| Dataset excerpt |
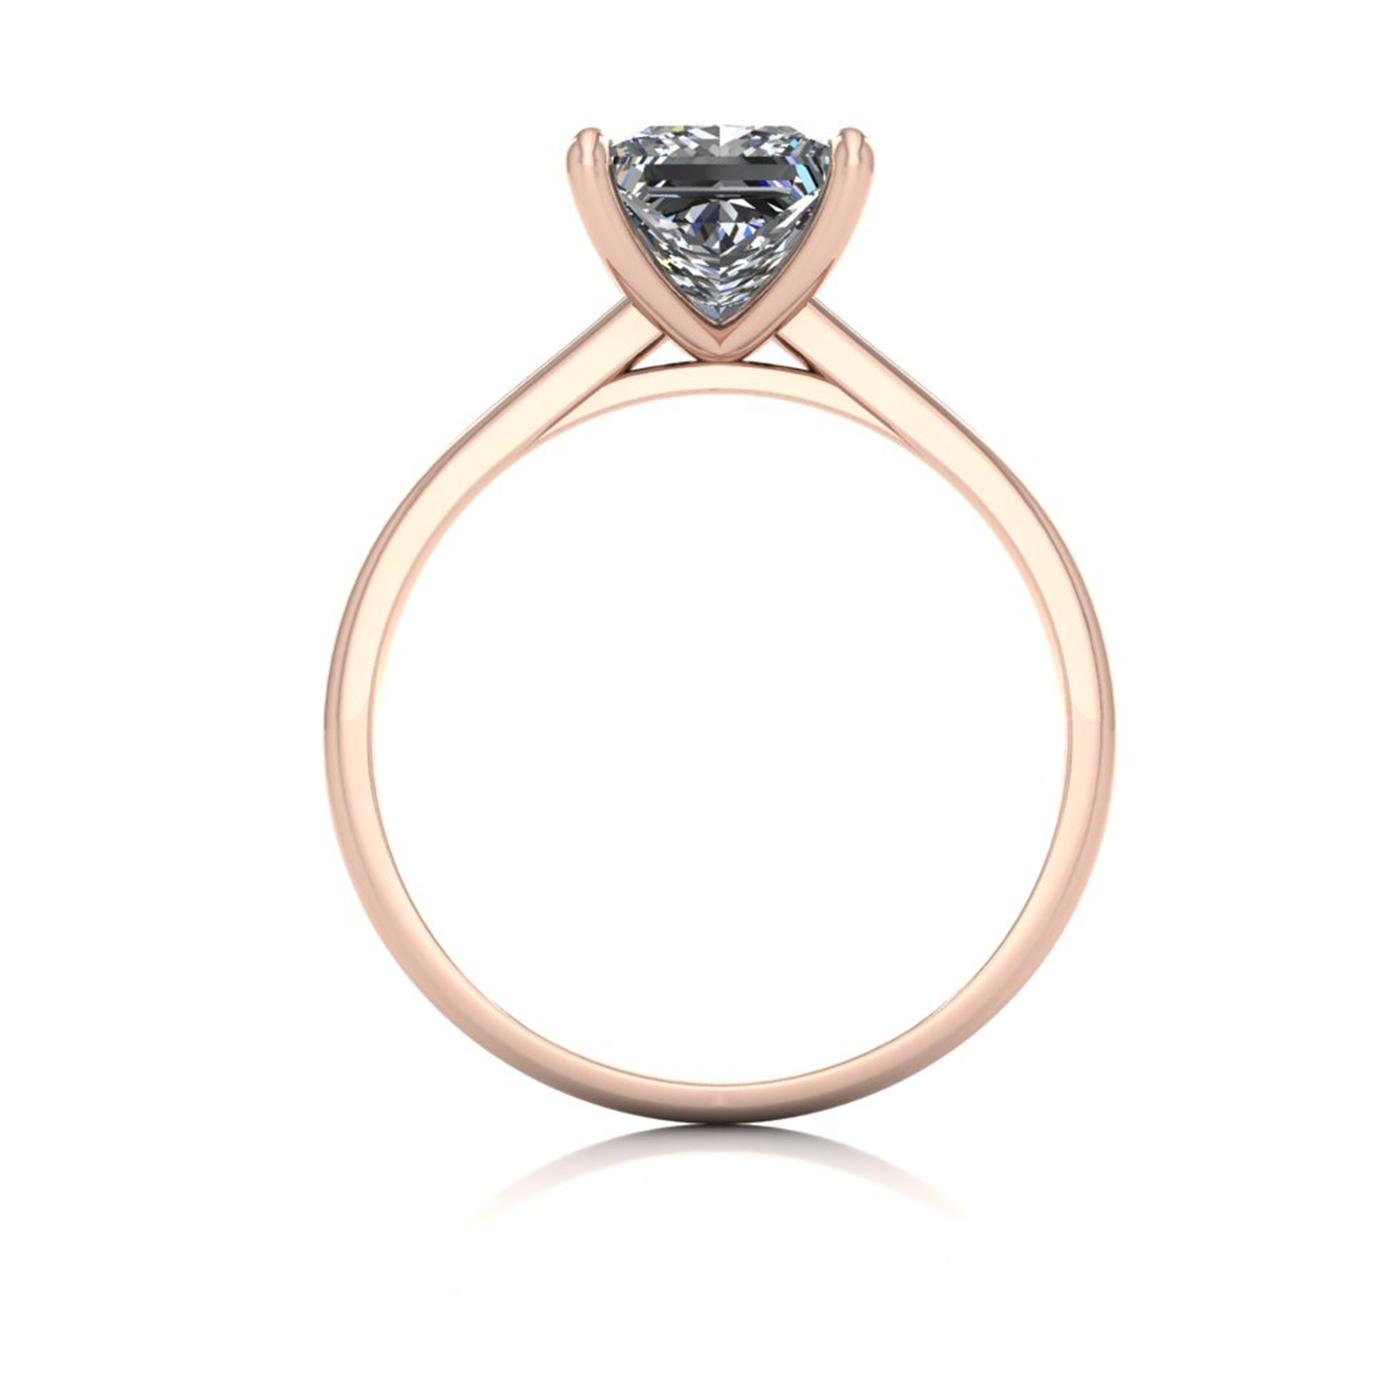 18k rose gold  1,50 ct 4 prongs solitaire princess cut diamond engagement ring with whisper thin band
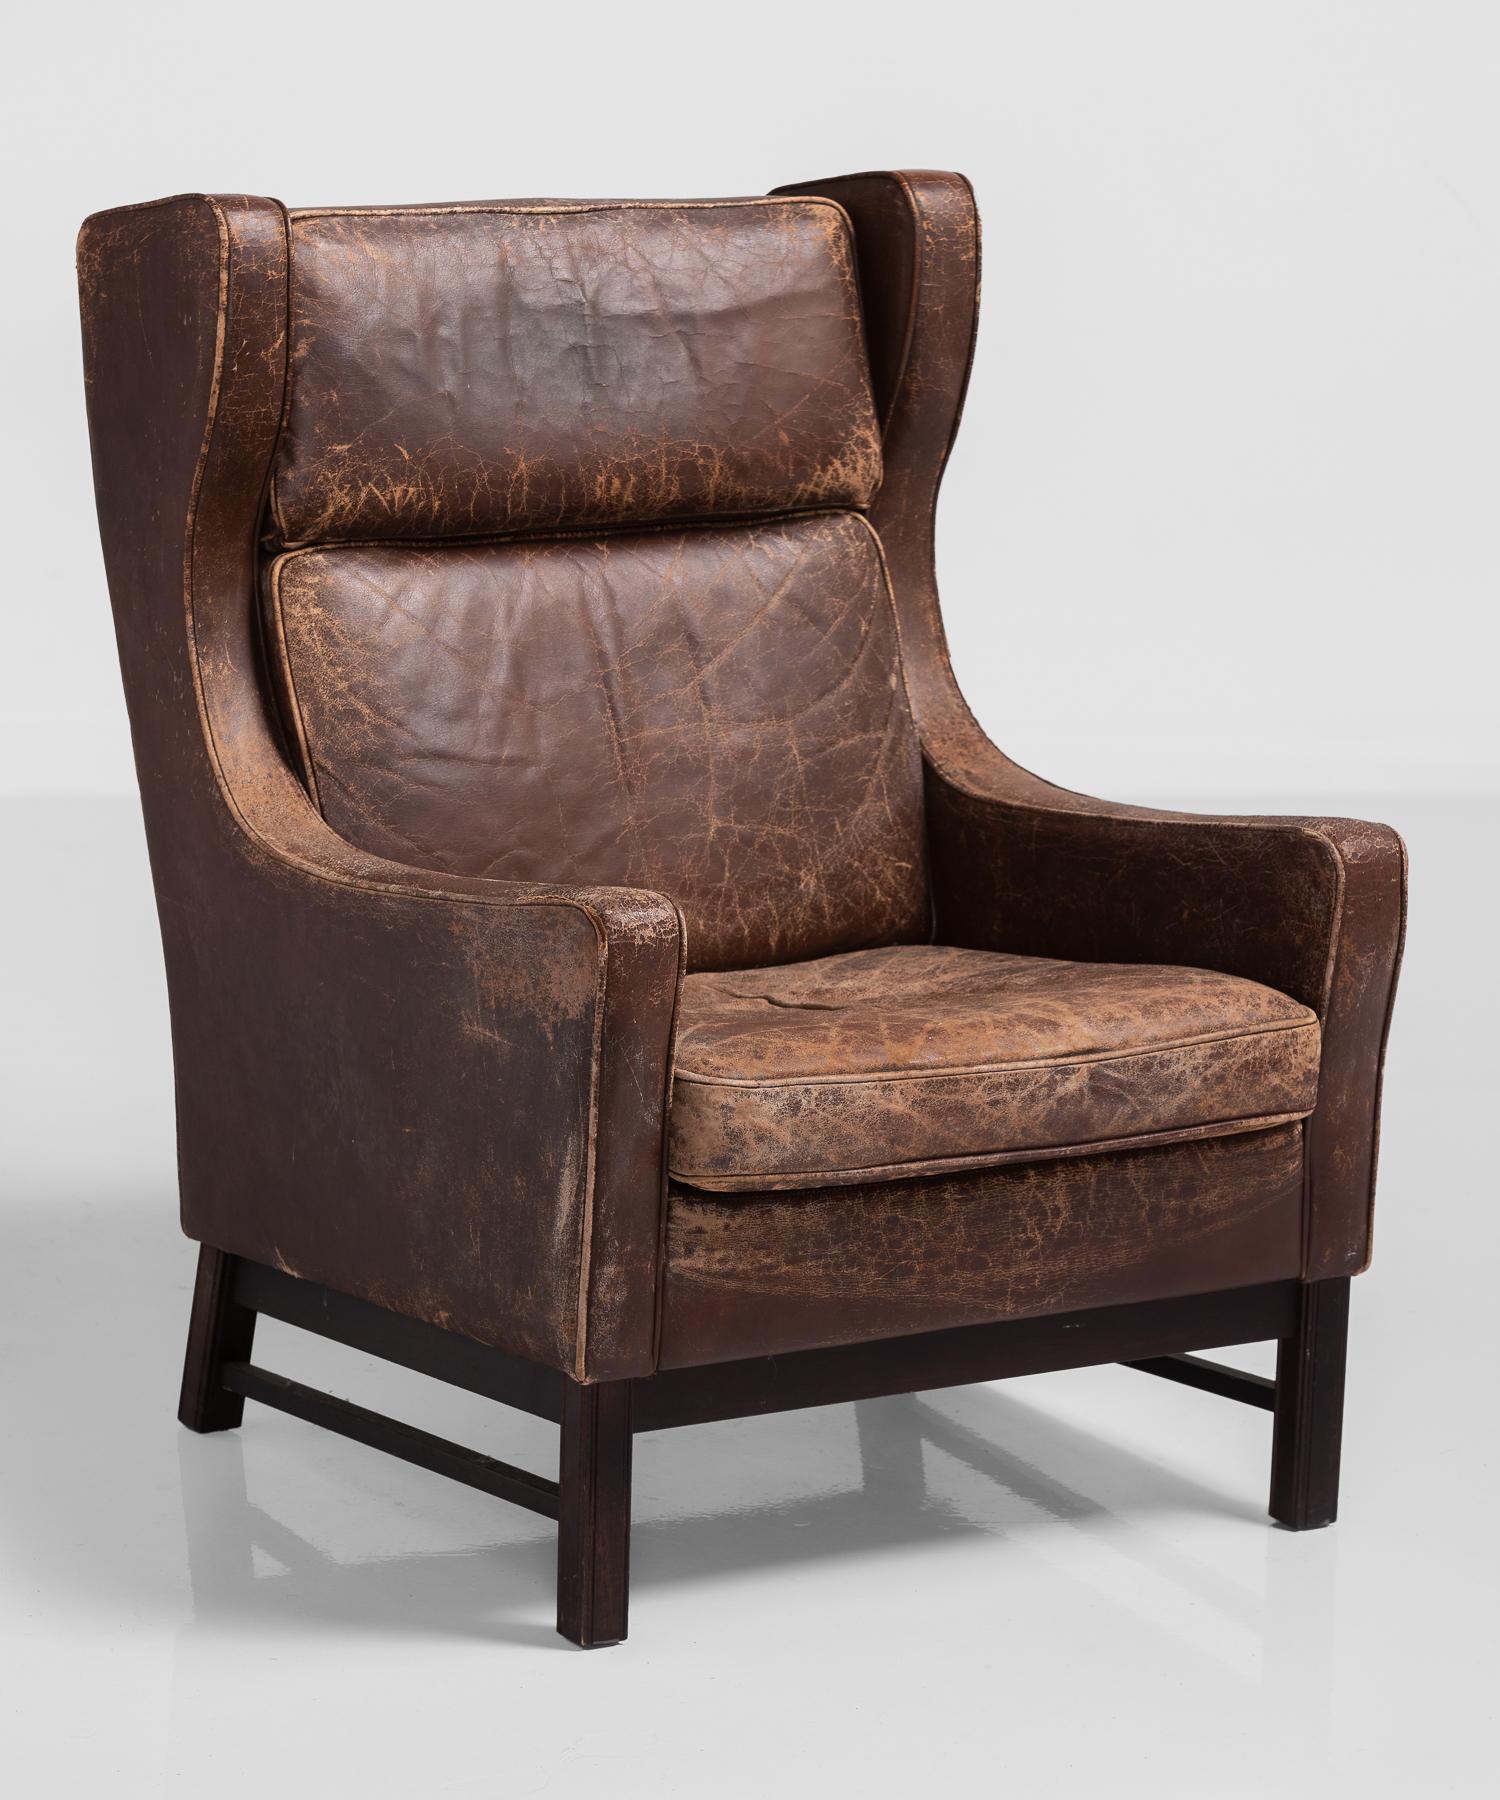 Leather wingback armchair, Denmark, circa 1960.

Generously sized in original leather.
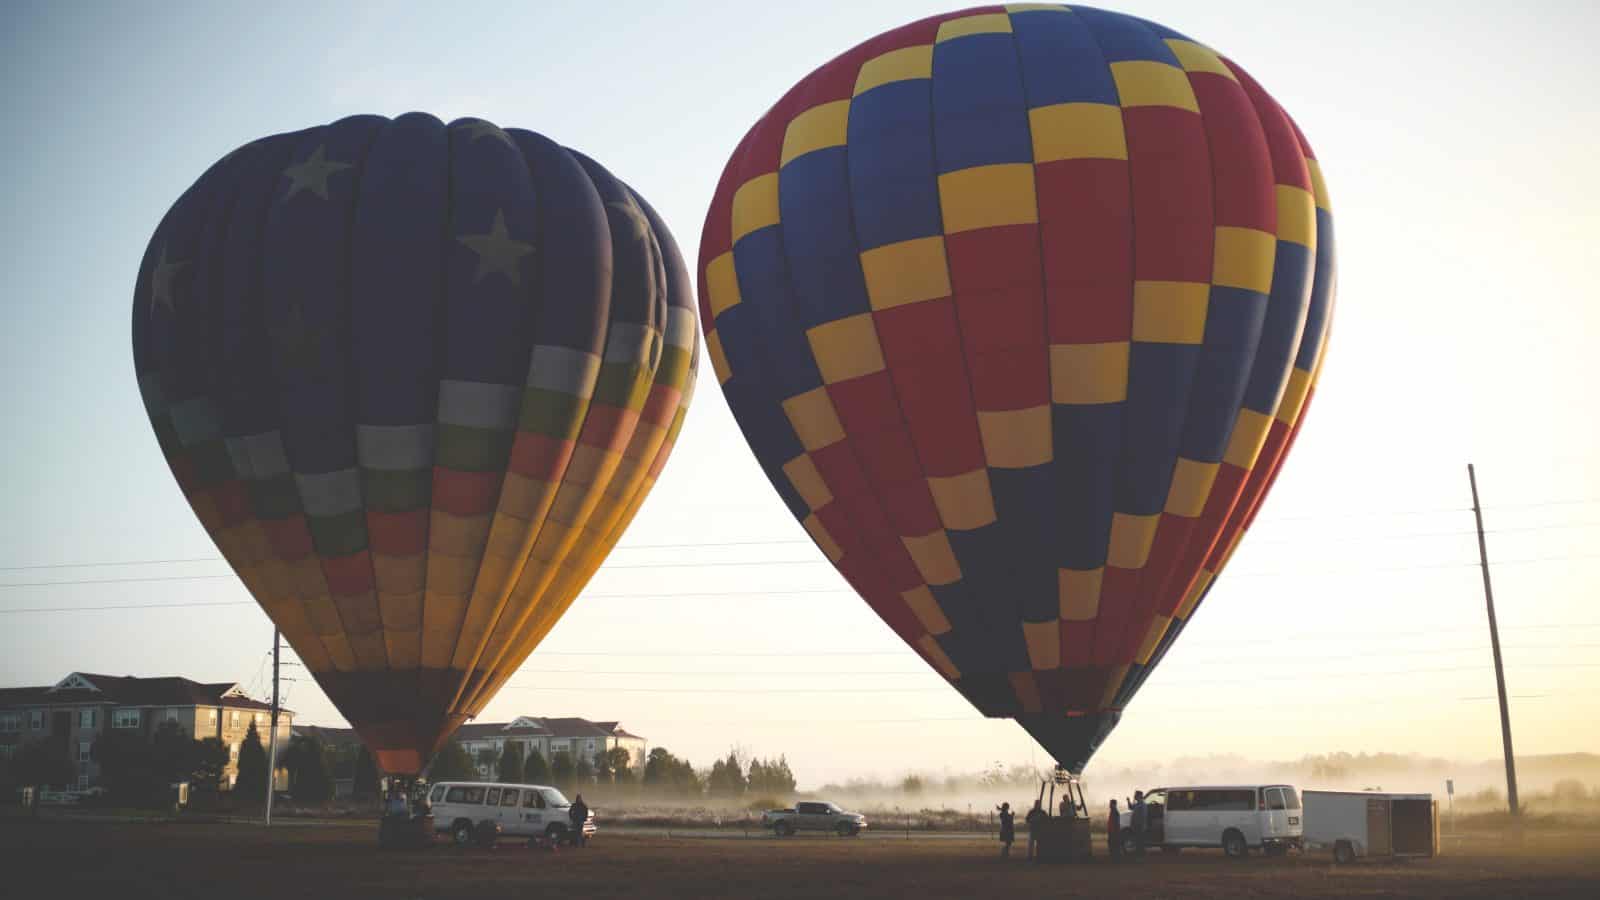 Two air balloons await passengers in the early morning at Thompson Aire, one of the best things to do in Kissimmee.

| Your goal |
Repeat the data exactly as written, but without the pictures.

| The completed task |
 18k rose gold  1,50 ct 4 prongs solitaire princess cut diamond engagement ring with whisper thin band
 Leather wingback armchair, Denmark, circa 1960.

Generously sized in original leather.
 Two air balloons await passengers in the early morning at Thompson Aire, one of the best things to do in Kissimmee.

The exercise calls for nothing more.